COLLECTED MATERIAL:

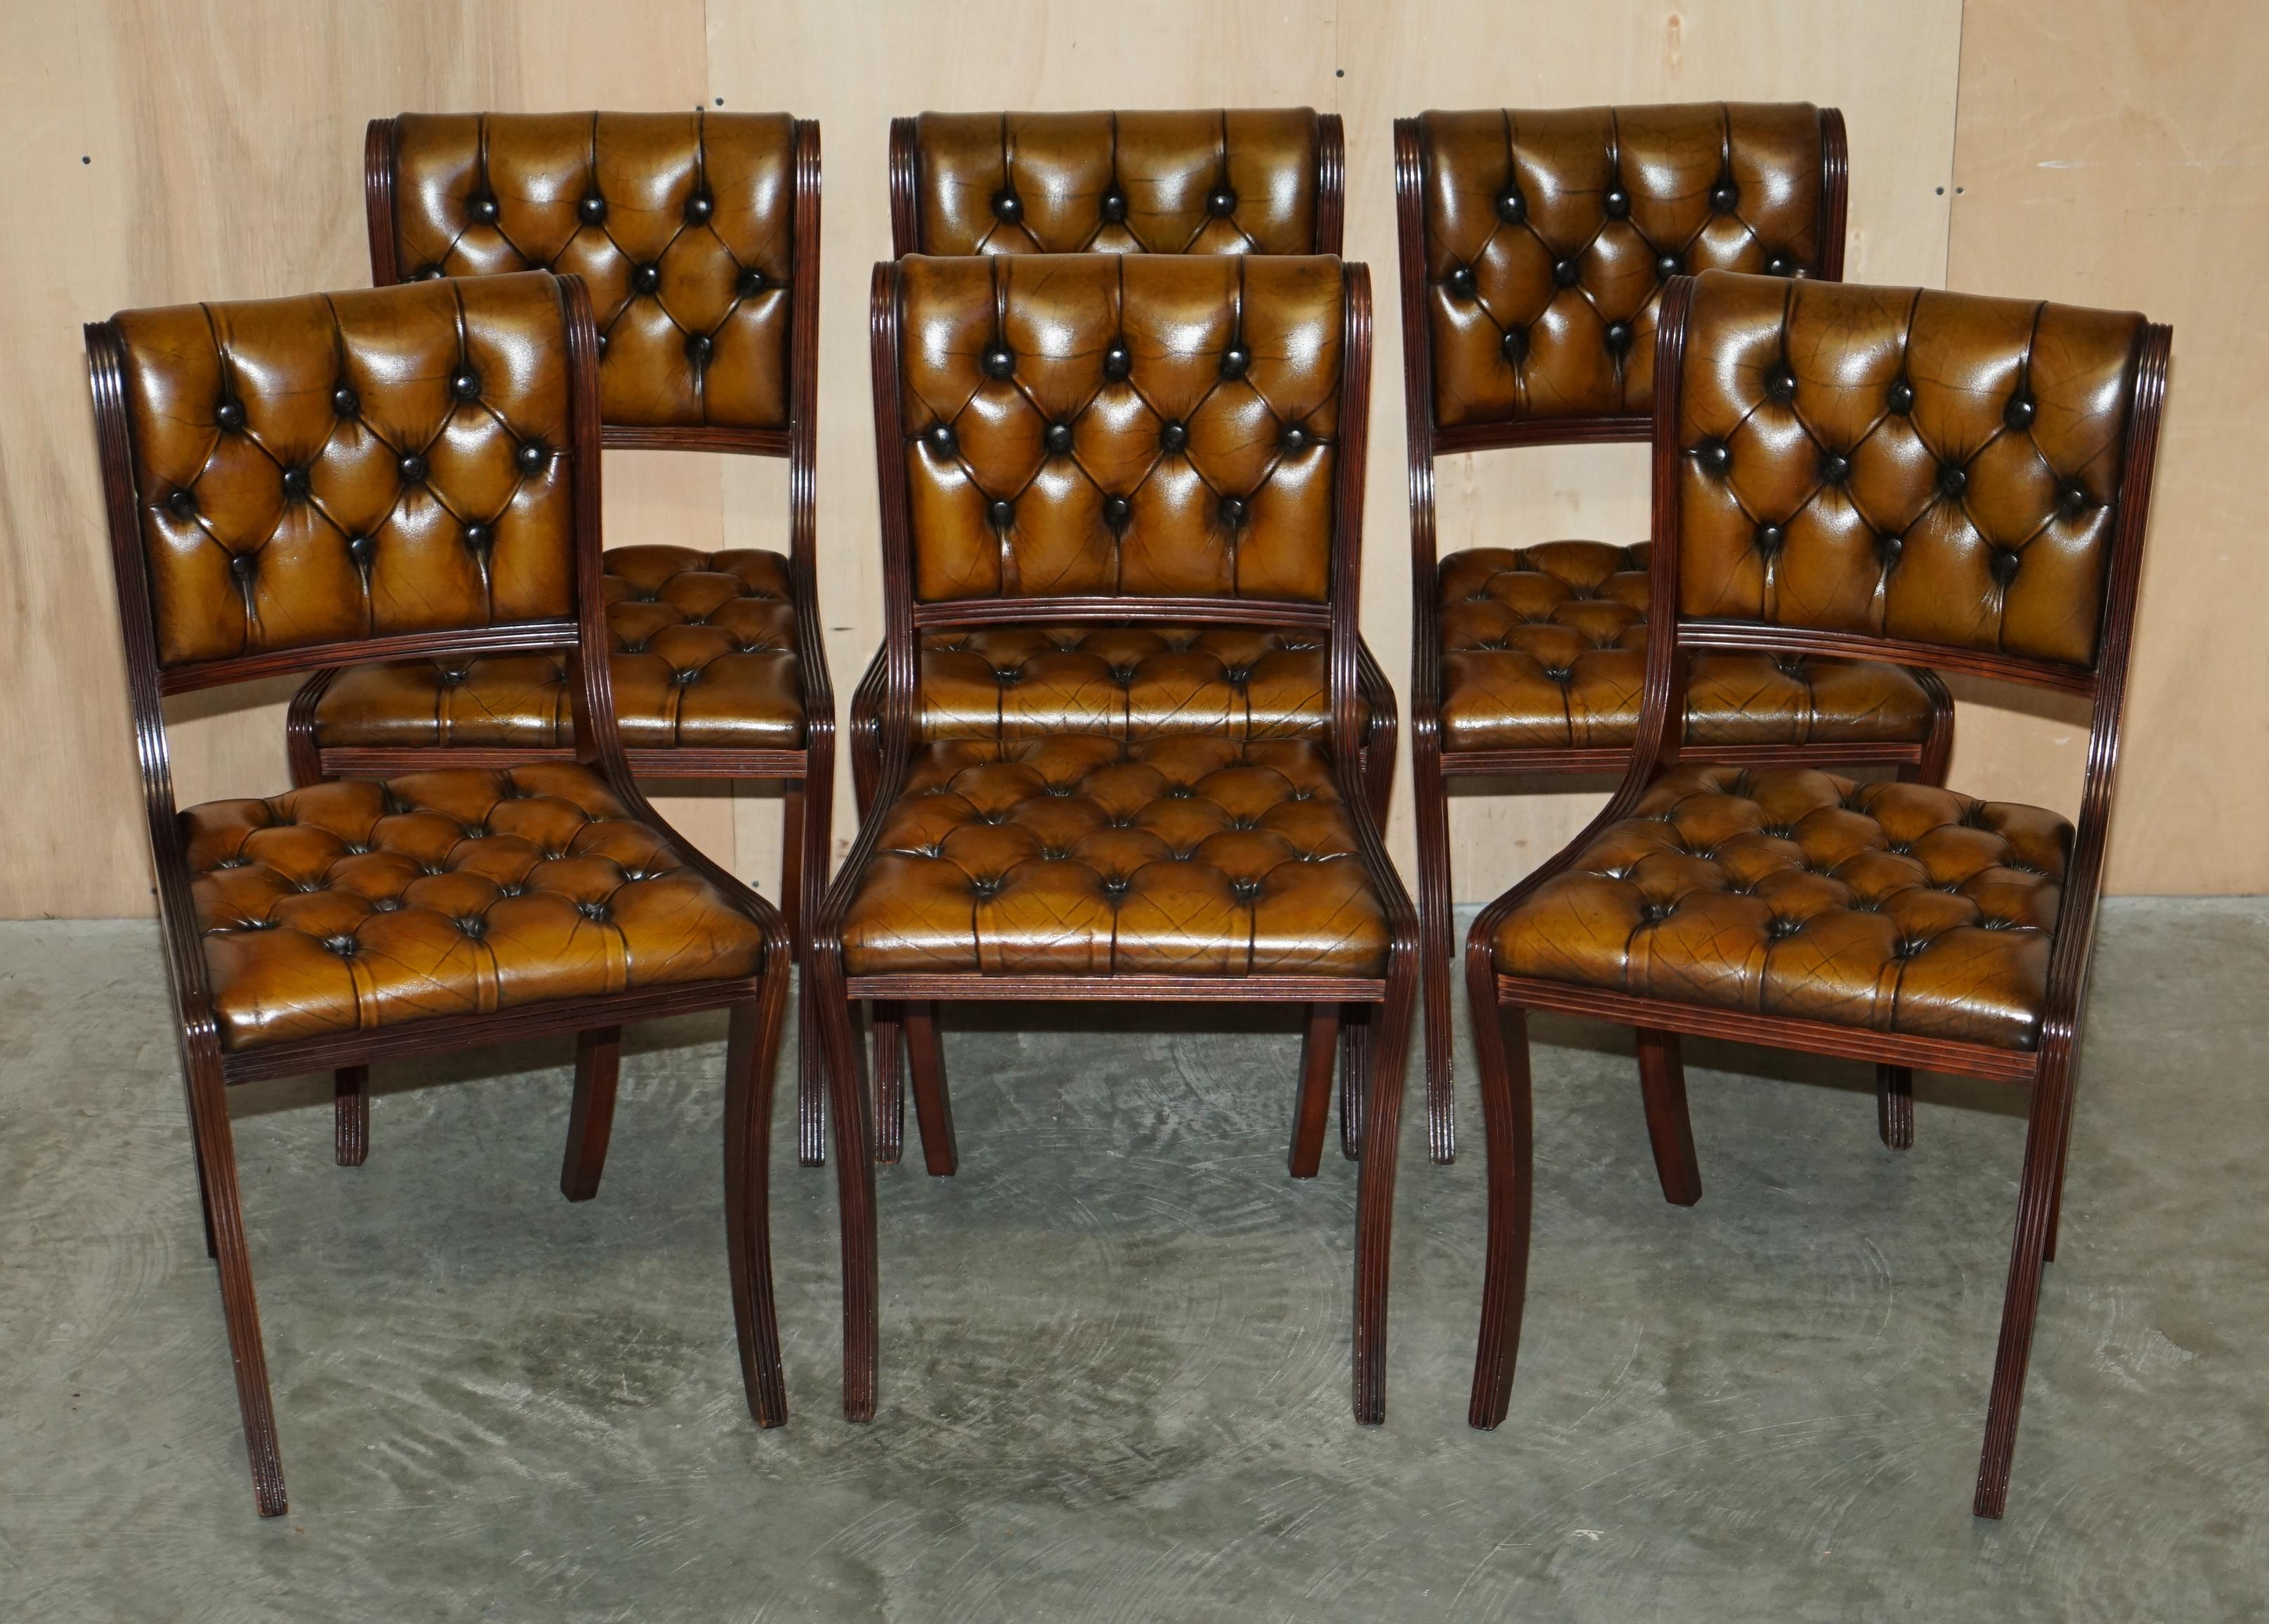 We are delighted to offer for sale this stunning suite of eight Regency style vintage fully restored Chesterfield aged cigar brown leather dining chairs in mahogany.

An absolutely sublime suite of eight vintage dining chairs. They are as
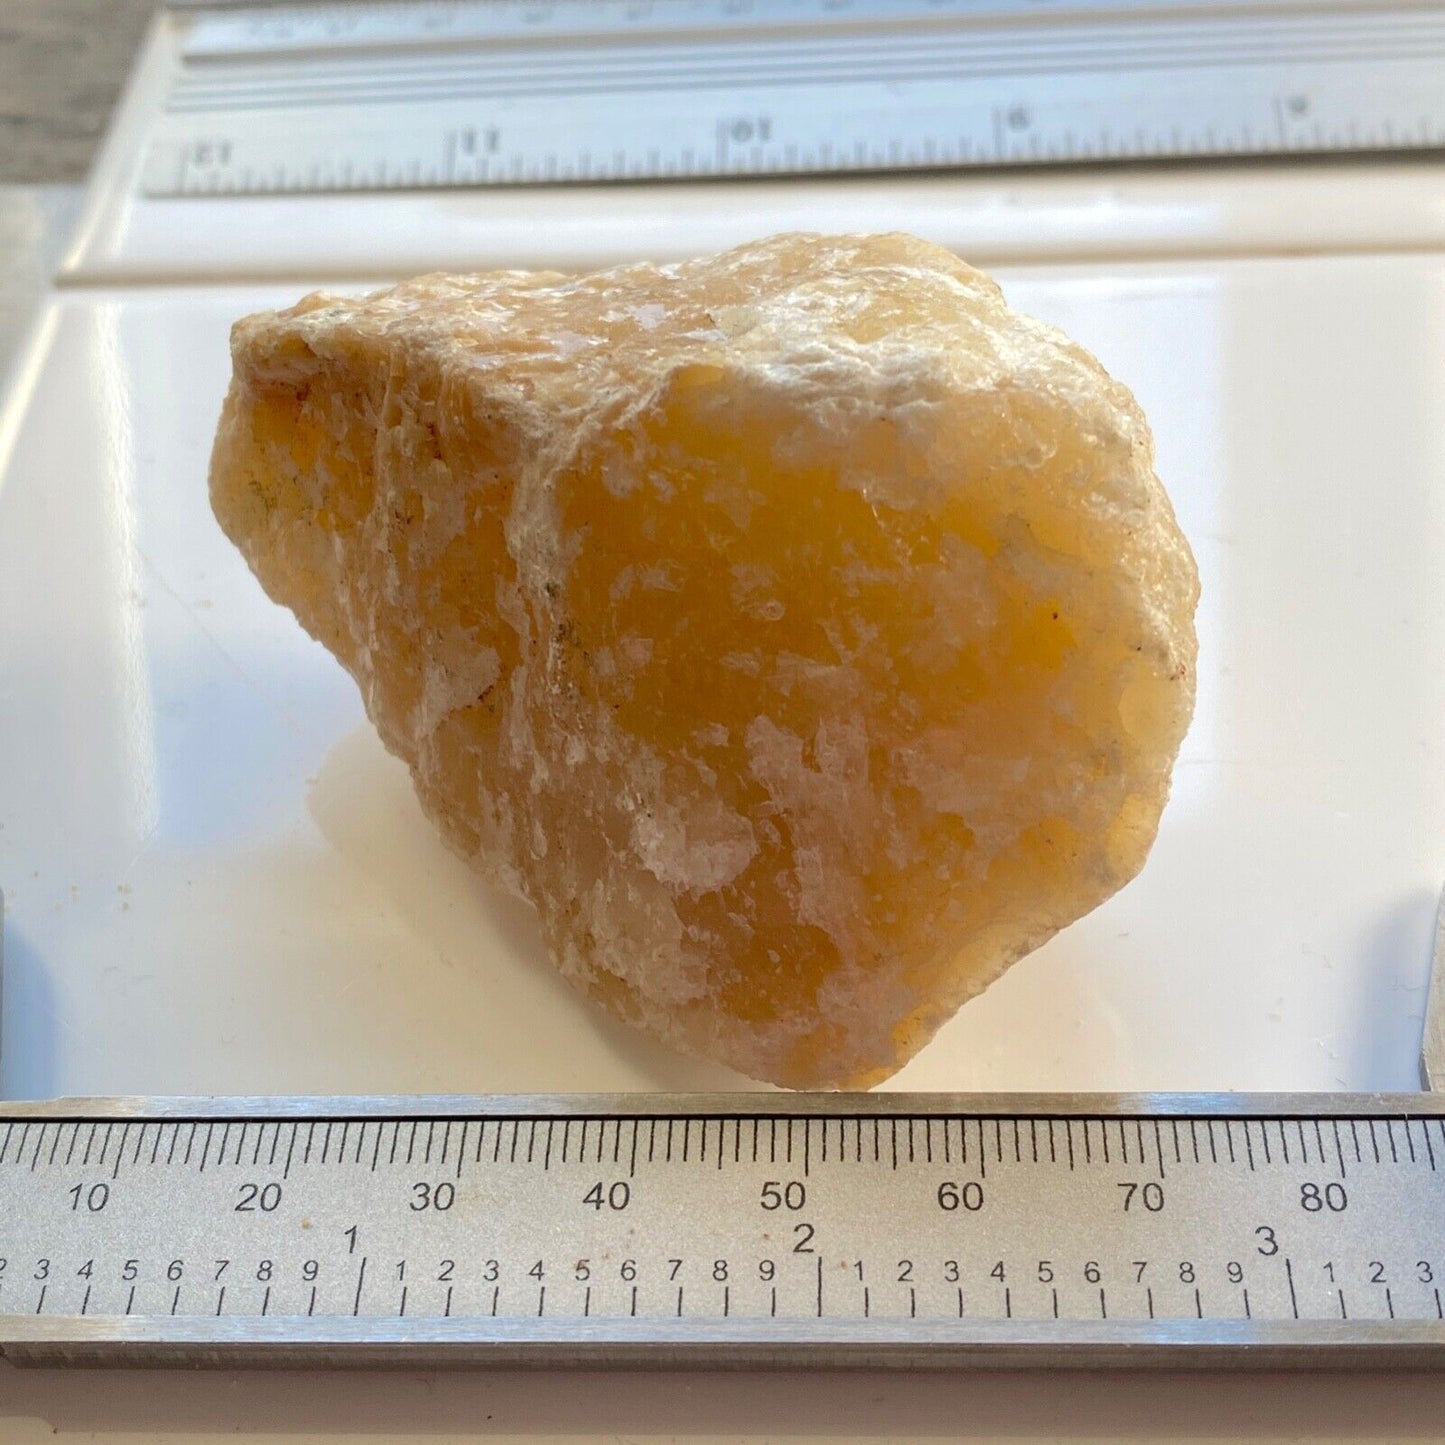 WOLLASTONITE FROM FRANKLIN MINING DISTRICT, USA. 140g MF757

TASK BRIEF:
Pictures stay out. Print the data exactly, from its first line through the line containing "An absolutely sublime".

TASK SOLUTION:
 We are delighted to offer for sale this stunning suite of eight Regency style vintage fully restored Chesterfield aged cigar brown leather dining chairs in mahogany.

An absolutely sublime suite of eight vintage dining chairs. They are as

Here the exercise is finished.